As for Europol’s new ability to request data from private companies, the new mandate limits it to “crisis situations on-line”, that is, when there is massive dissemination of terrorist content or child sexual abuse content.
21st century research
In 2020, the French and Dutch police they hacked an encrypted messaging system, EncroChat, which worked on modified phones (EncroPhones) and was very popular with drug traffickers and other criminal organizations. The operation, which made dozens of arrests possible, was the fruit of at least three years of work and the analysis of at least 100 million messages from 60,000 users. The case sent a warning: the security forces needed to get their act together in the technological field.
The Commission considers that 80% of police investigations require some form of digital support, usually information on the use of mobile phones or computers. “Today what police cooperation requires is handling and processing huge amounts of data. Organized crime is using more and more technical means, both with sophisticated money laundering processes and with encrypted communications”, says Zarzalejos. This data includes practically anything that can be digitized: message content, location, metadata about times and places of connection, IP numbers (identifiers) of devices, photos, videos, biometric data…

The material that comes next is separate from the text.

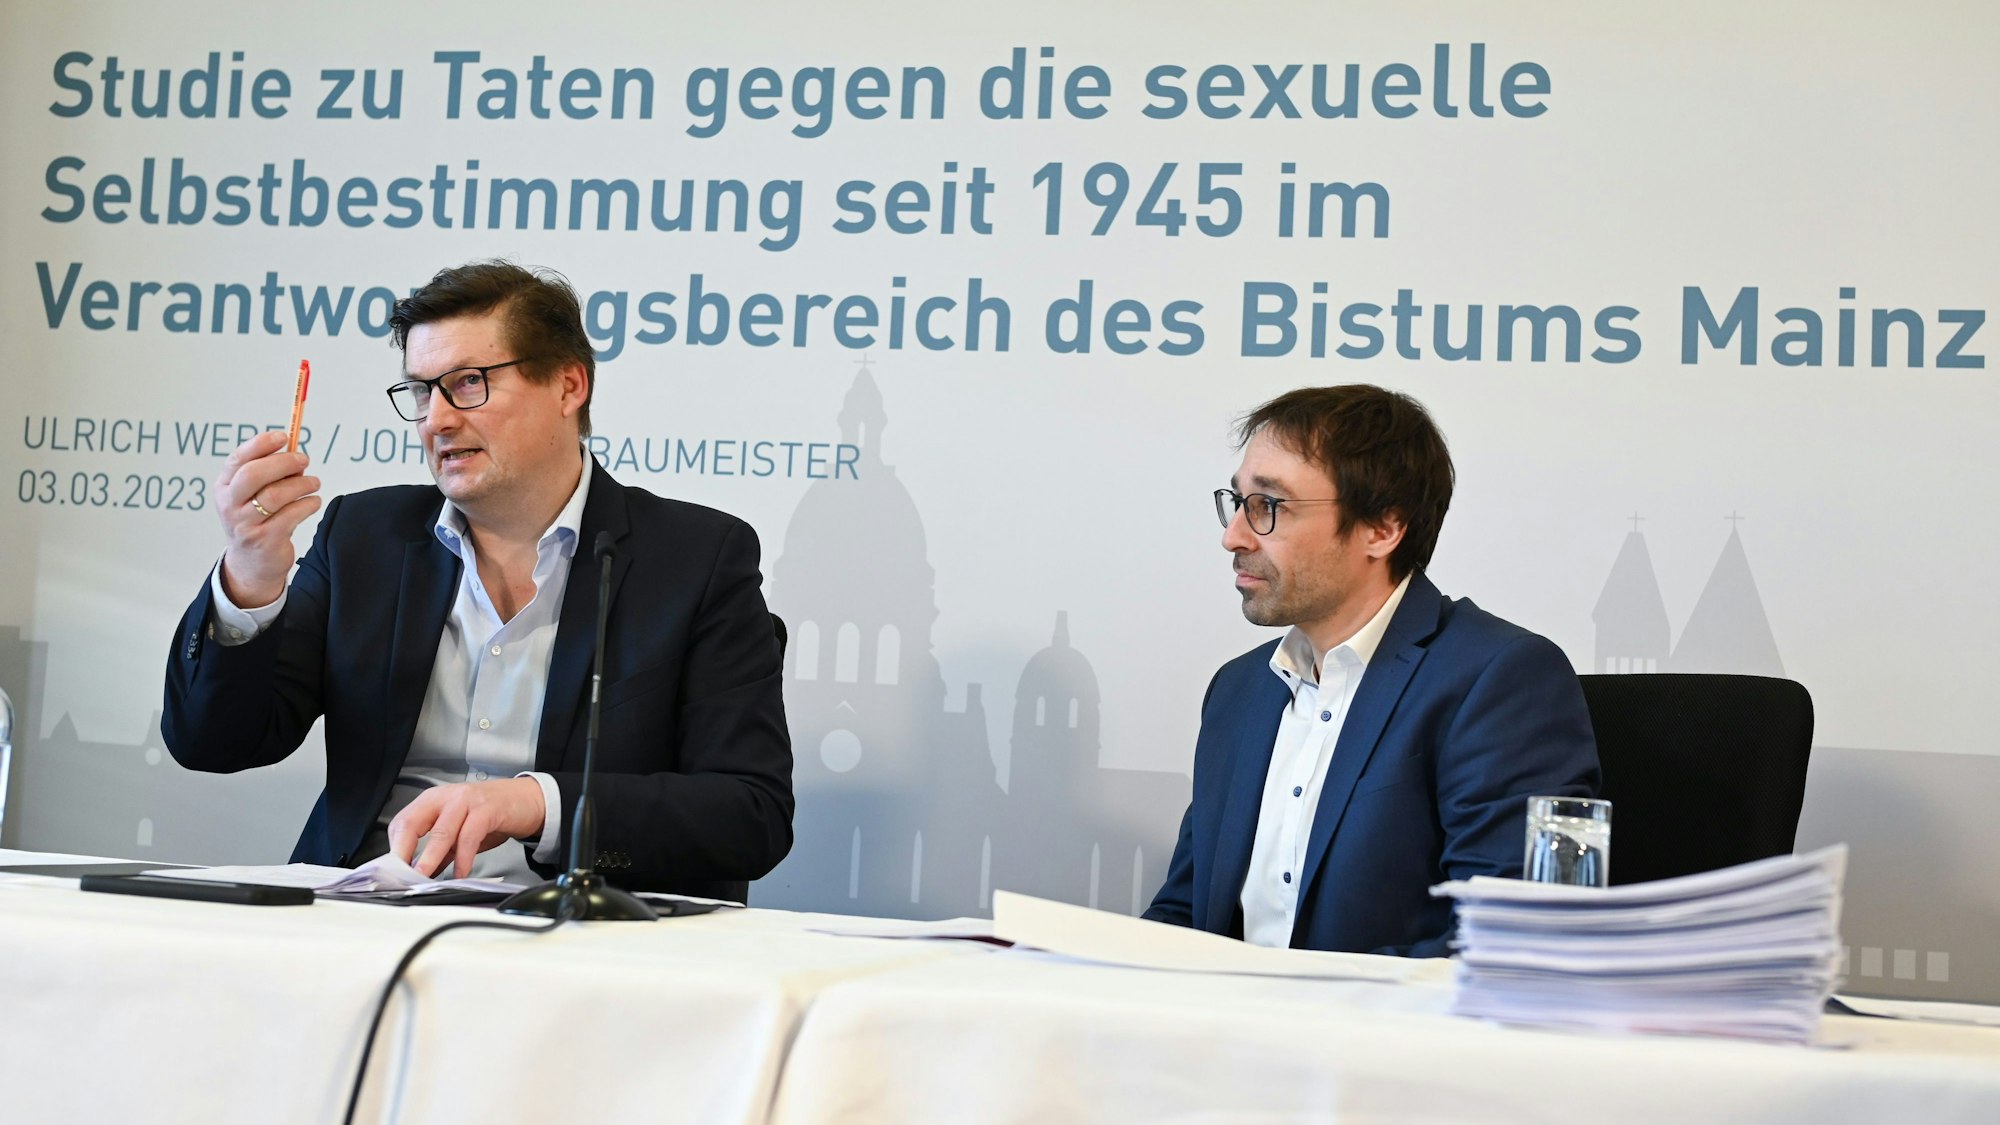 Die Rechtsanwälte Ulrich Weber (l) und Johannes Baumeister haben vor Beginn einer Pressekonferenz zu den Ergebnissen einer Studie zu sexuellem Missbrauch im Bistum Mainz Platz genommen.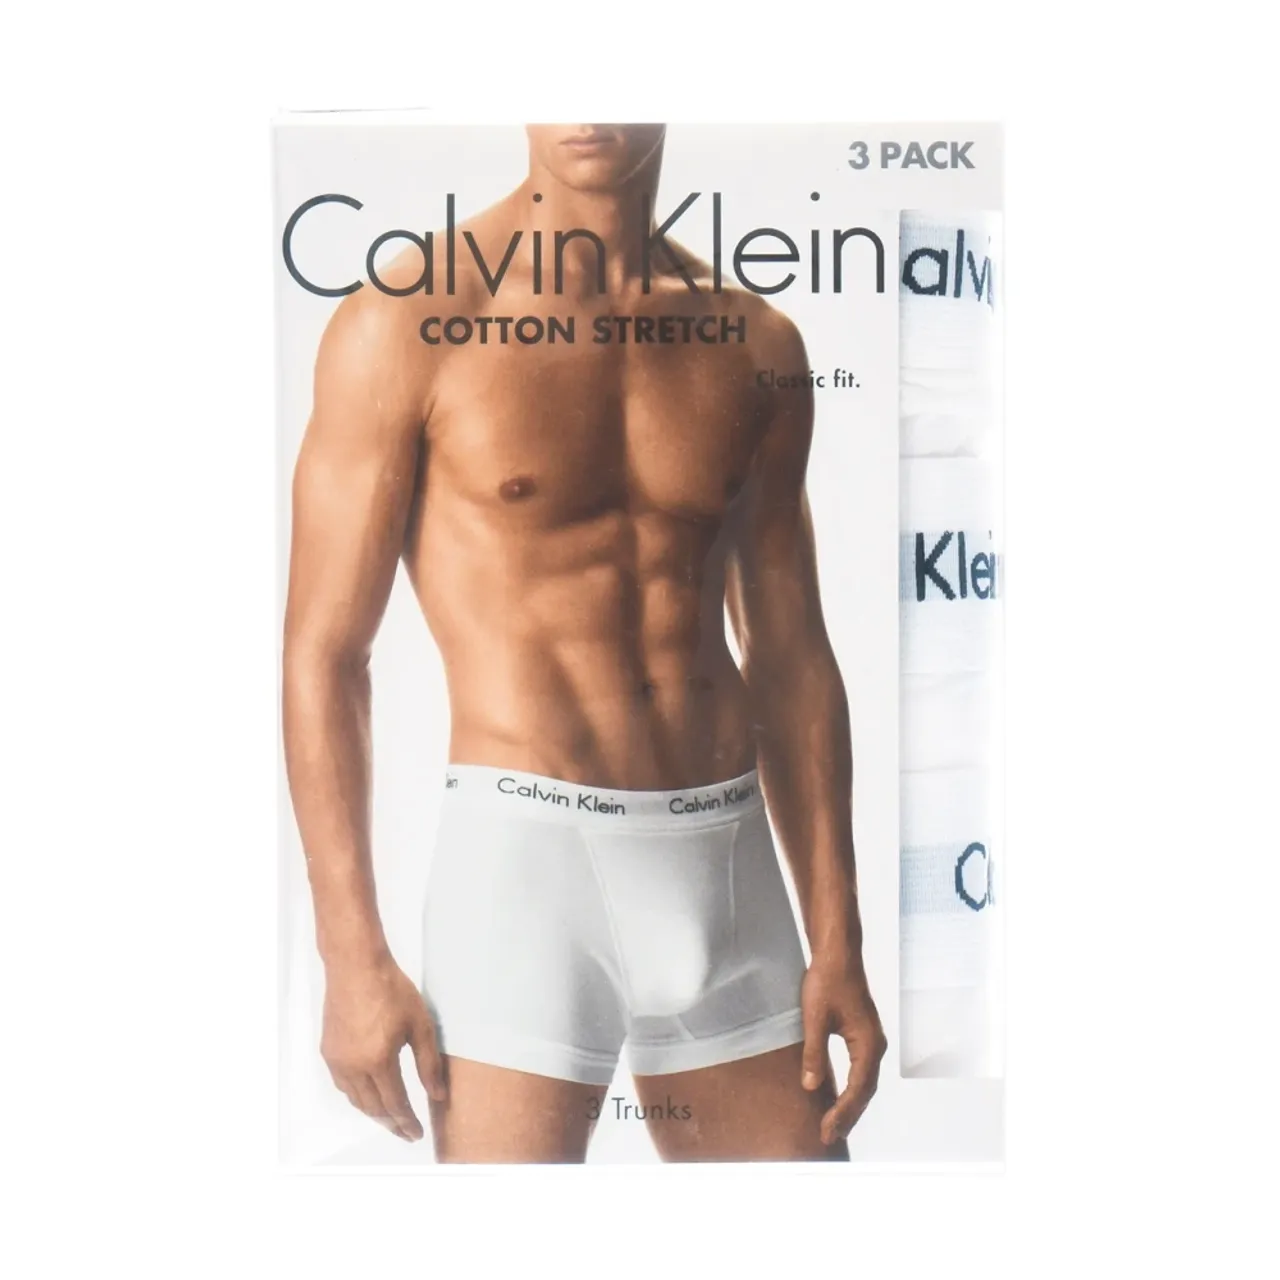 Bottoms Calvin Klein

Europol is a cooperation network of the EU security forces. It cannot initiate investigations: basically it is for the police of the Member States to share information that will help them solve cases. Among its main tasks is to help fight against terrorism, cybercrime and organized crime. “Europol does not have executive powers, but with the reform it gains the ability to claim and receive data, and that is at the limit of what the treaties say,” objects Chlóe Bérthélemy, security analyst at European Digital Rights (EDRi), a Brussels-based NGO very active in the defense of digital rights.
Another novelty introduced by the reform is that Europol will be able to use all this data to train artificial intelligence (AI) algorithms that allow it to develop “tools to combat crime.” An element that a priori, collides with the declaration of the European Parliament to withdraw AI from police activities. This technology was used, for example, to analyze the 100 million EncroChat communications.
“We need AI to develop new research tools. And the quality of AI is directly proportional to the quantity and quality of data available to feed the algorithms”, says Zarzalejos. “The novelty is that Europol, under certain circumstances, will be able to use duly anonymized personal data in order to train these algorithms and make them more effective.”
For Bérthélemy, these practices are a decisive step in the construction of a European Big Brother. “The reform promotes a dangerous model of policing in which massive data collection and predictive tools look set to become the norm. Even if you are completely innocent and have nothing to hide, your data may end up at Europol. And once they get into the system, they don’t get out of it.”